Design Article
Move over RC: silicon timing has you beat
Greg Zimmer, Linear Technology Corporation
11/27/2010 3:52 PM EST
RC Circuit Limitations and Tradeoffs
Frequency and time programmability is a key feature of the RC-circuit, and it’s up to the engineer to find the right resistor and capacitor combination. A wide range of capacitor sizes and types are available, although they present tradeoffs between, accuracy, size, and cost. The best tolerance is 1-2%, using NP0/COG type capacitors. But since NP0/COG capacitors are limited to under a microfarad before they get quite expensive, the designer is likely to compromise with 5% tolerance or much worse, which is typical of other capacitor types. For very small capacitance, the designer should be aware of the error resulting from stray or gate capacitances. For example, only a few picofarad of capacitance on the comparator inputs in Figure 2 will result in a 1% error. In addition to these issues, there are other potential sources of capacitor error such as ESR, temperature coefficient, and leakage current.

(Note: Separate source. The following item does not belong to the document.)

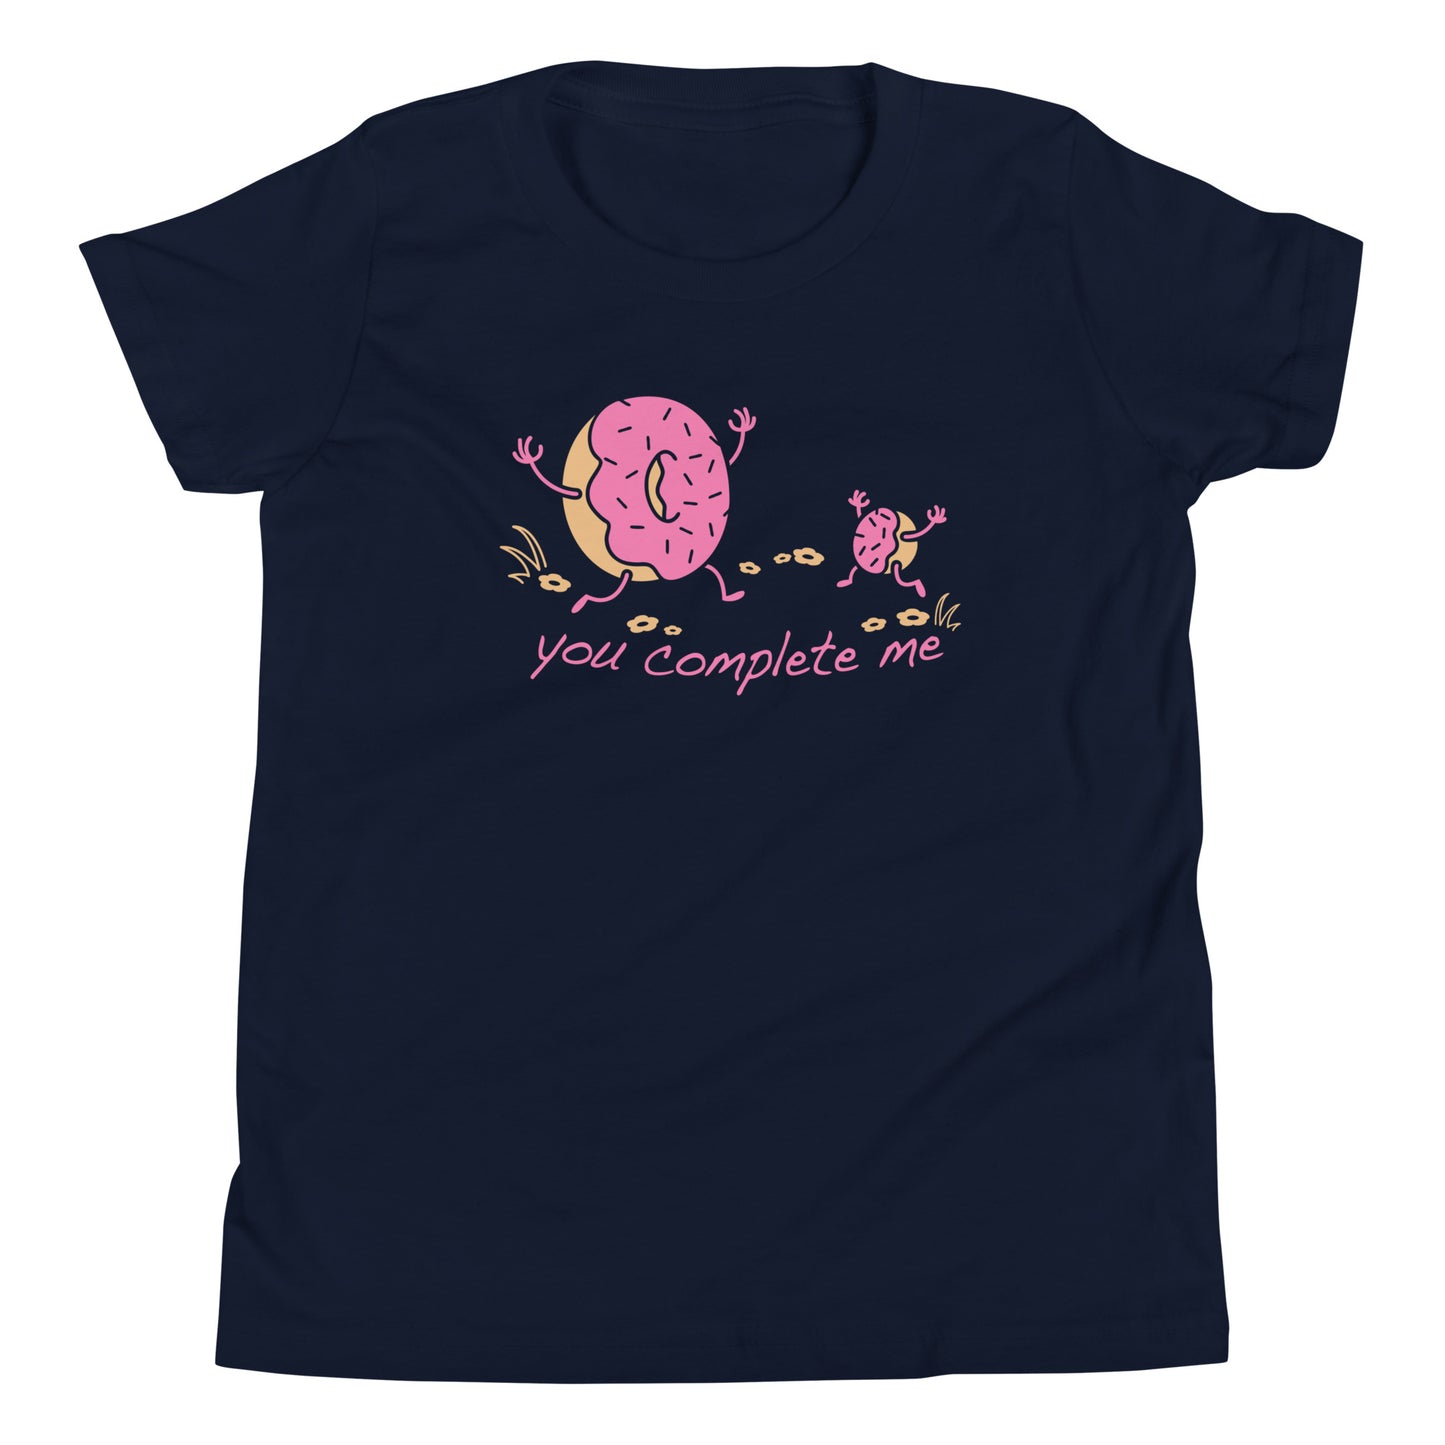 You Complete Me Kid's Youth Tee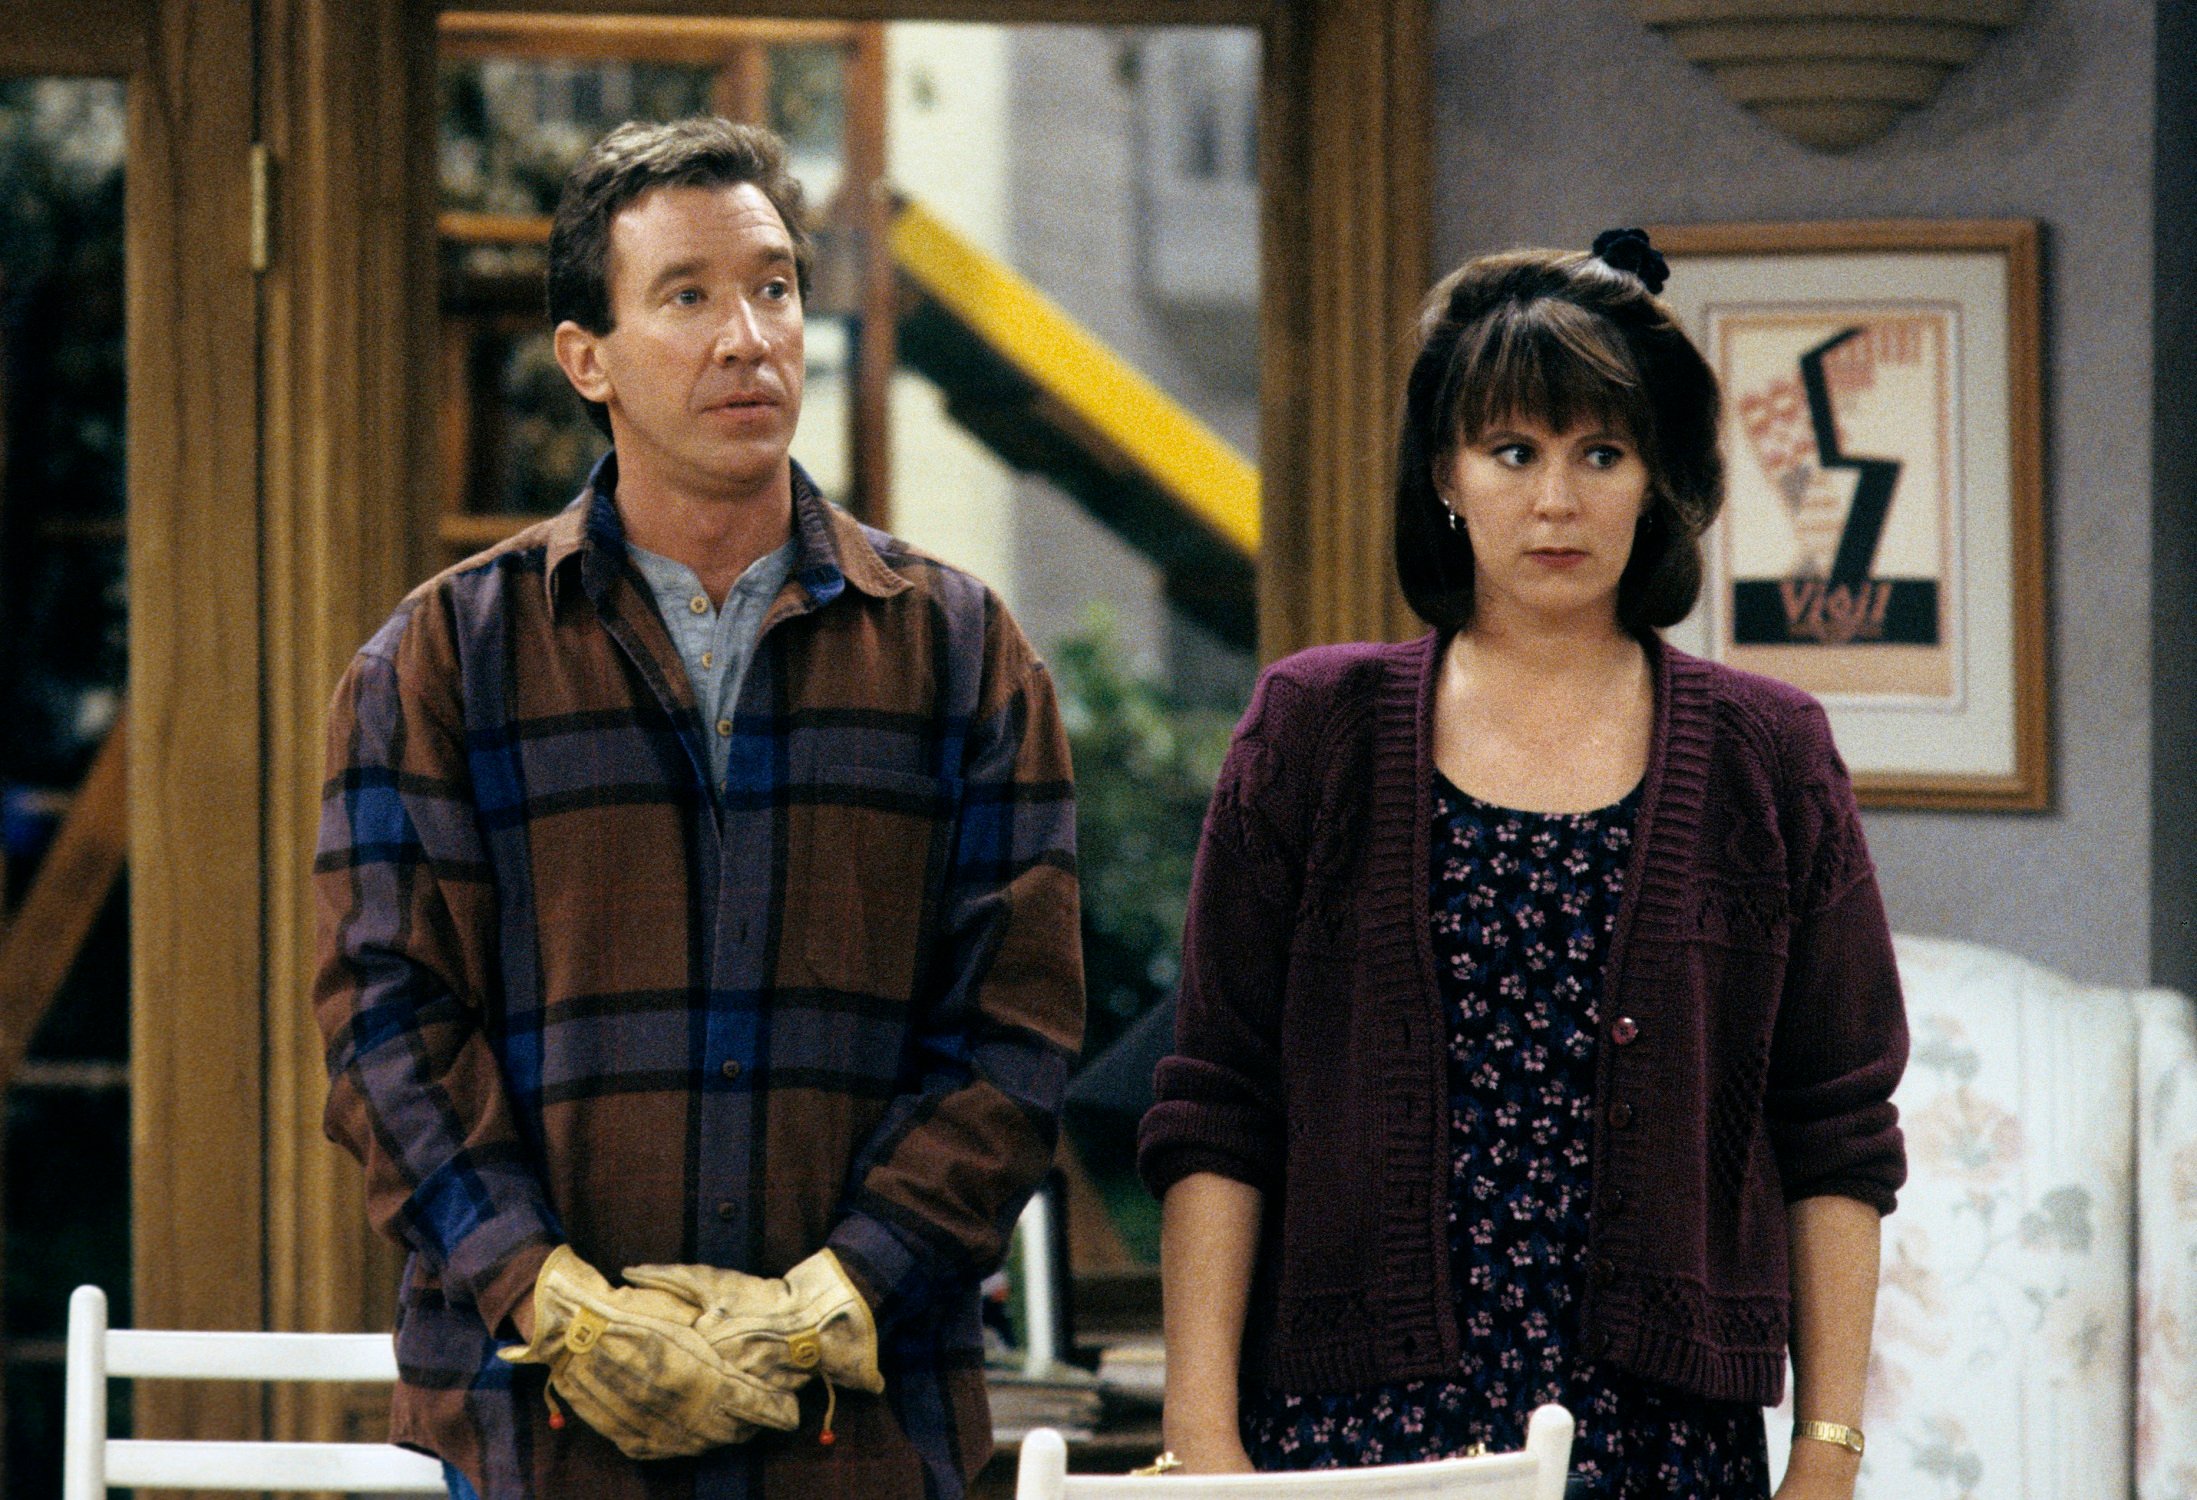 Tim Allen and Patricia Richardson appear in 'Home Improvement'

With all of these capacitor issues, it may seem like a good idea to integrate the RC capacitor within the semiconductor. Since accurate semiconductor-based capacitors require significant die real estate and trimming, this is a costly solution, even to incorporate very small capacitance. Because of the limitation on the RC range and the higher cost, this is not a common option among RC-circuit devices, and the external capacitor “headache” will probably never go away.
With the practical limitations of capacitors, resistor selection becomes more critical, but they too have limitations. Very small resistance in the RC-circuit will have power consumption consequences, since a significant amount of power is wasted in the resistor(s). For example, the RC-circuit in Figure 2 draws more than a milliamp of peak current and, in astable mode (oscillator), the two external resistors by themselves draw an average current of 450 micro-amps [1]. On the other end of the scale, surface leakage and input bias currents would place a limit on the maximum resistance. With a few nanoamperes of stray or bias current, more than 10MΩ will have an appreciable error due to these currents.
Assuming that suitable resistors and capacitors are available, there is another significant source of error in the RC-circuit, due to the nonlinear response of the charge and discharge curve. Any comparator threshold error is amplified by a factor of >2.5 in the timing response. For example, comparator threshold errors of ±2% results in approximately ±5.4% of timing error. For astable operation, this problem not only shows up as frequency error, but also creates duty cycle error. Figure 3 illustrates this source of error. Note that the inherent error in the exponential response curve is eliminated with silicon oscillators where a linear response curve is used.
One of the advantages of programmability is the ability to implement voltage controlled modulation (VCO), pulse width modulation (PWM), pulse duration modulation and other types of dynamic time or frequency control. A long list of applications requires this capability, including tone generation, heater control, motor control, and pulse generation. The need is evident by the enormous number of web pages, books, articles, and notes dedicated to these applications implemented with 555-type or other RC-circuit based devices. Whether it’s a 555 timer or other device, the implementation with an RC-circuit requires adjusting the comparator threshold voltage or the RC response curve. Adjusting comparator thresholds is fraught with errors, as shown above. The simplest implementation of control requires the use of potentiometers or variable capacitors to adjust the RC-time. Practically speaking, most implementations require significant additional circuitry, such as a closed loop feedback network, to compensate for the many sources of error.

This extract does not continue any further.